What the task asks - Taking the data below, please print only the lines from the line holding "高田三郎を聴く夕べⅡ_c0125004_15471465.jpg" to the line holding "Edelstahl Küchengerät Gabeln", inclusive, with pictures omitted.

Records -
--*--

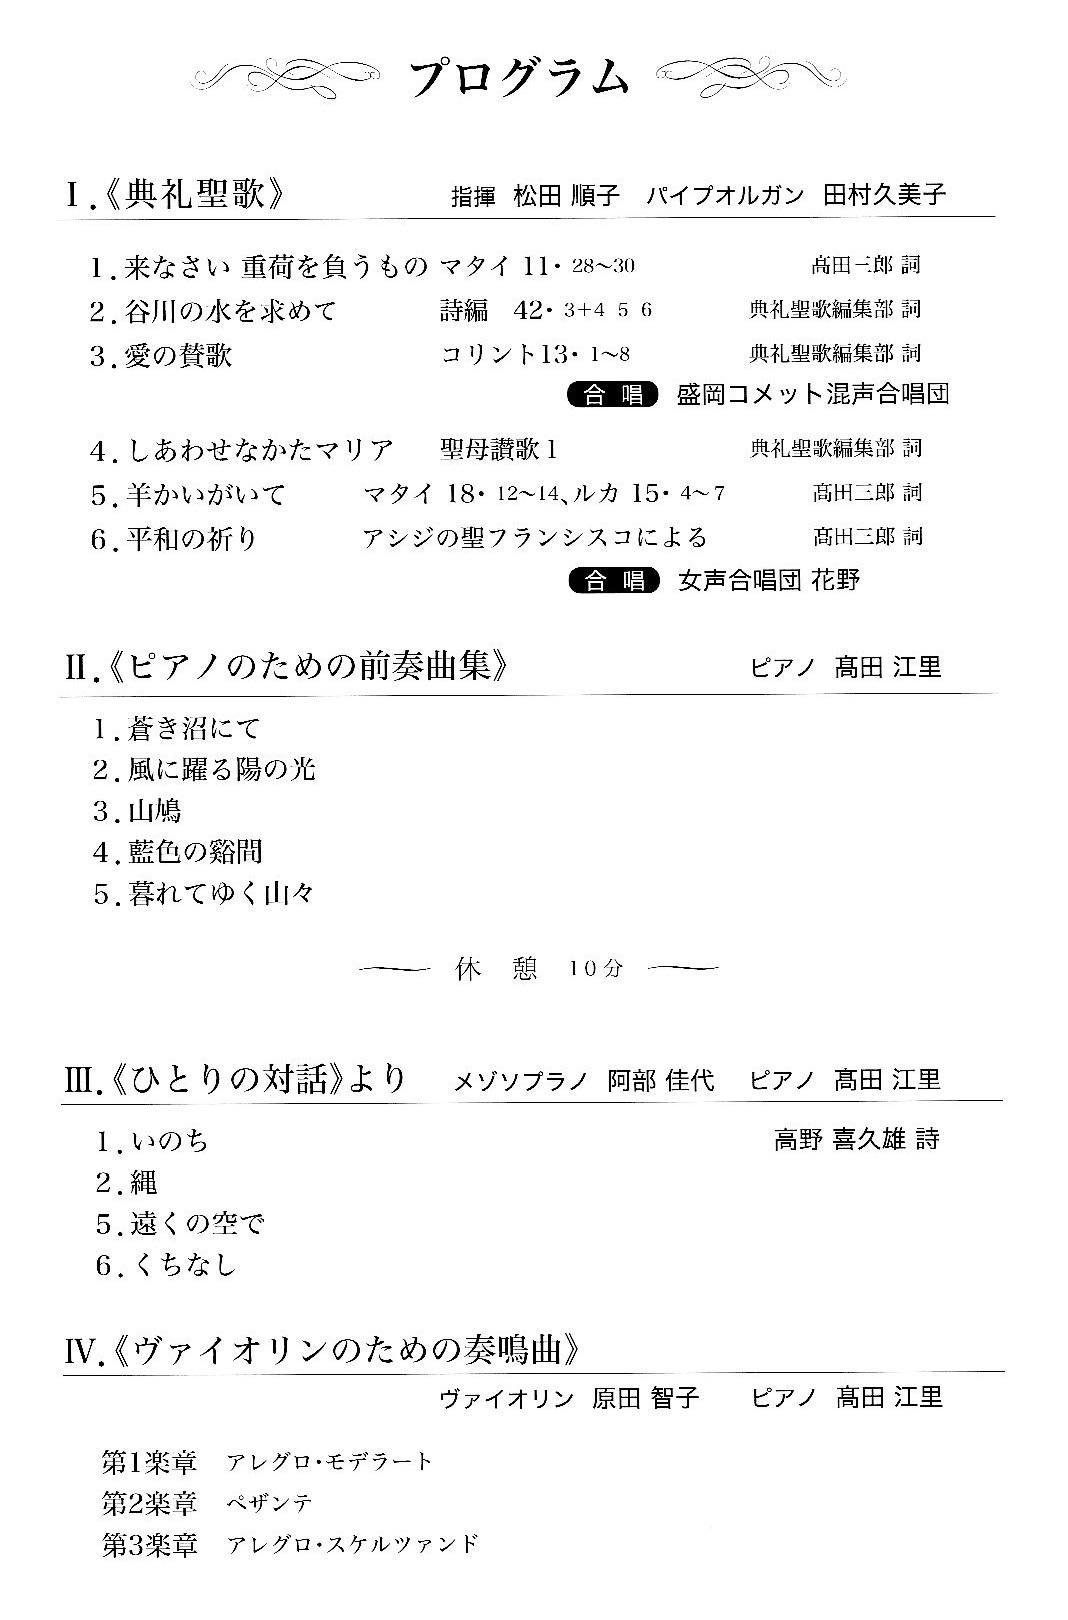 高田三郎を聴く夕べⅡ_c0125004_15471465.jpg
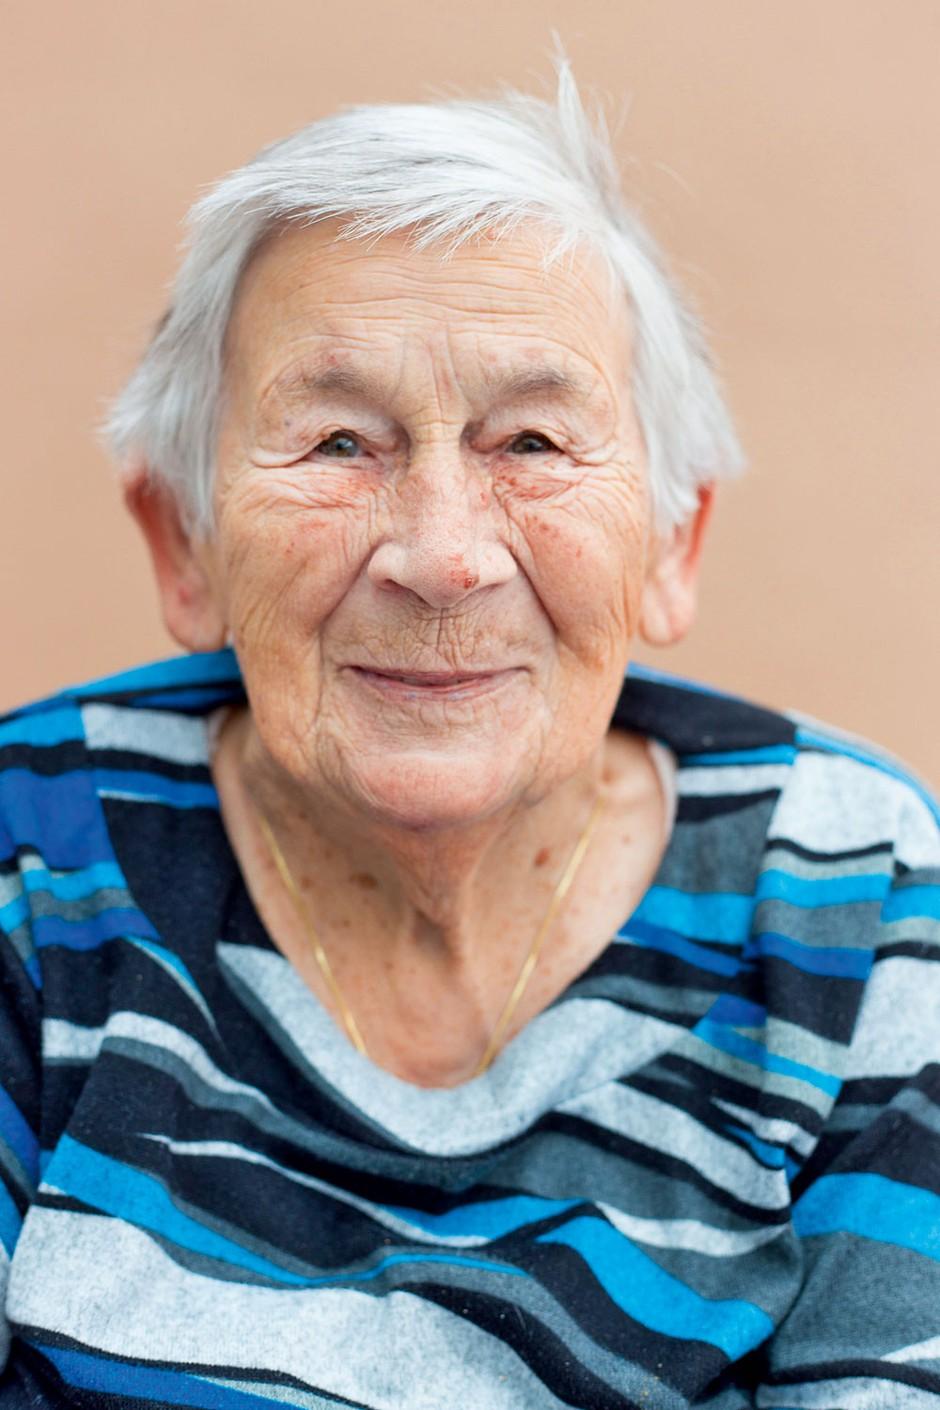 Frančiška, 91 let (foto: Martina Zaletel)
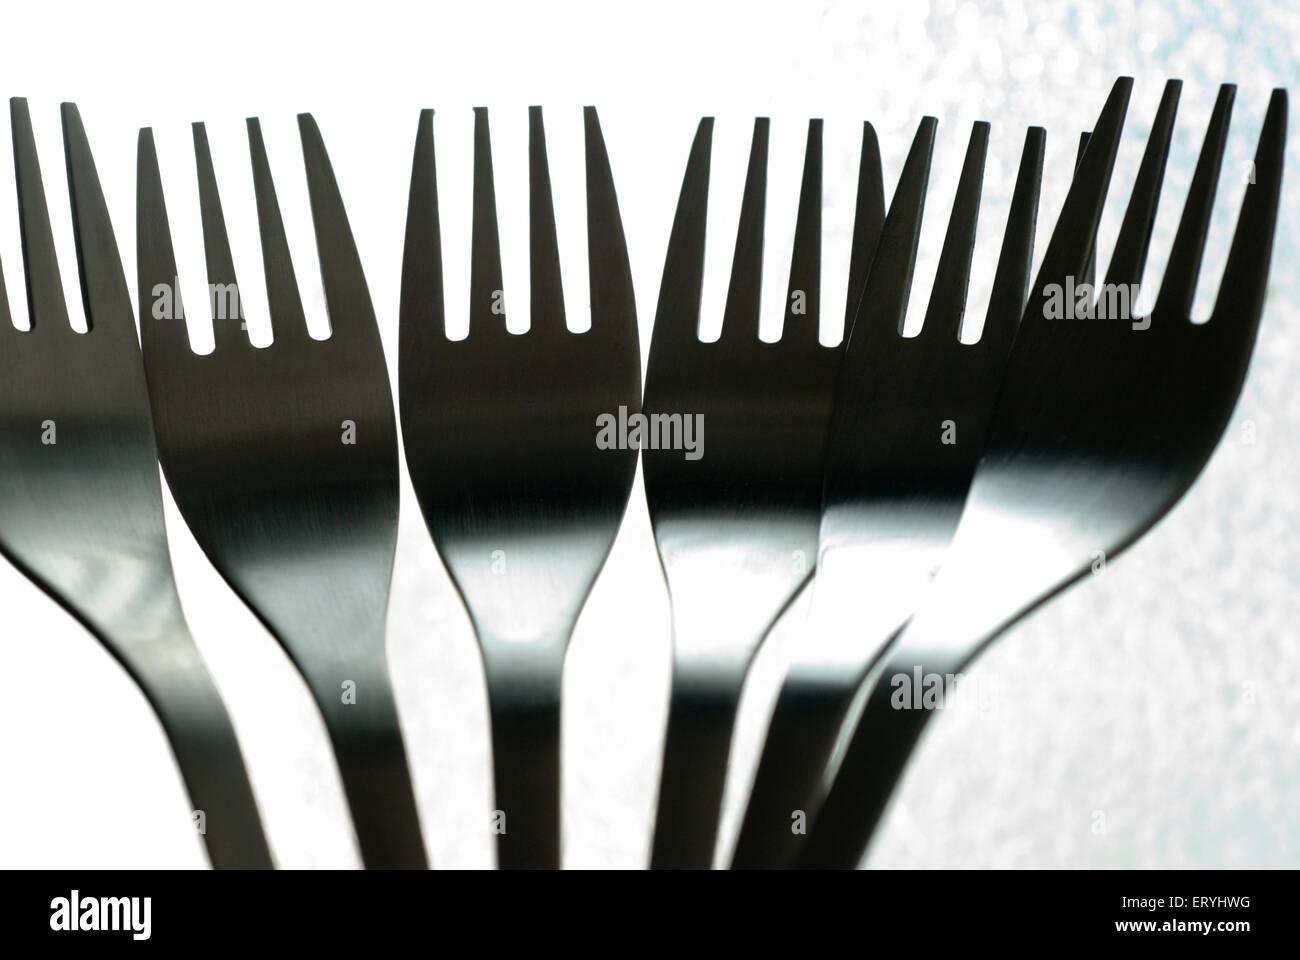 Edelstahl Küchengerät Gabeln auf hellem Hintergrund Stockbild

--*--

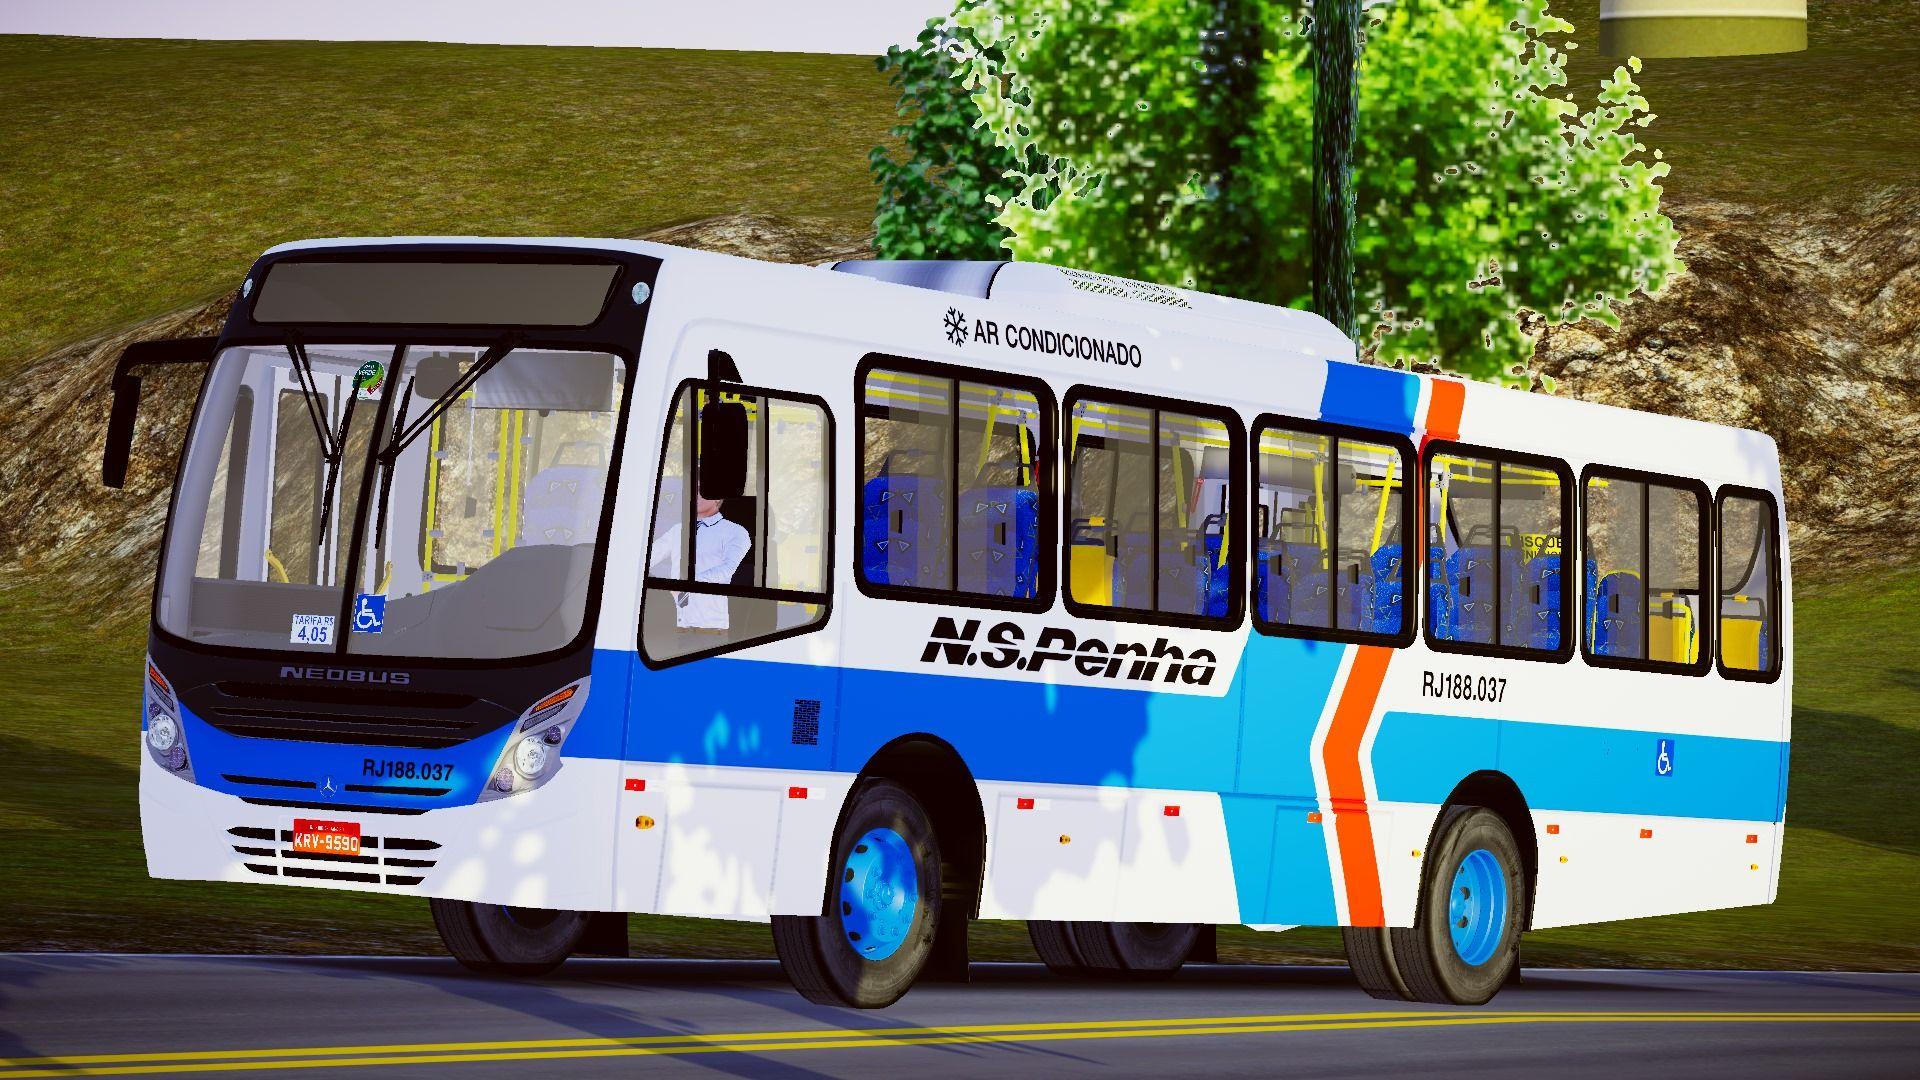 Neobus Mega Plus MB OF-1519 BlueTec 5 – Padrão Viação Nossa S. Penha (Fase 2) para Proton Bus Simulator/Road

--*--

Answer box -
 高田三郎を聴く夕べⅡ_c0125004_15471465.jpg
 Frančiška, 91 let (foto: Martina Zaletel)
 Edelstahl Küchengerät Gabeln auf hellem Hintergrund Stockbild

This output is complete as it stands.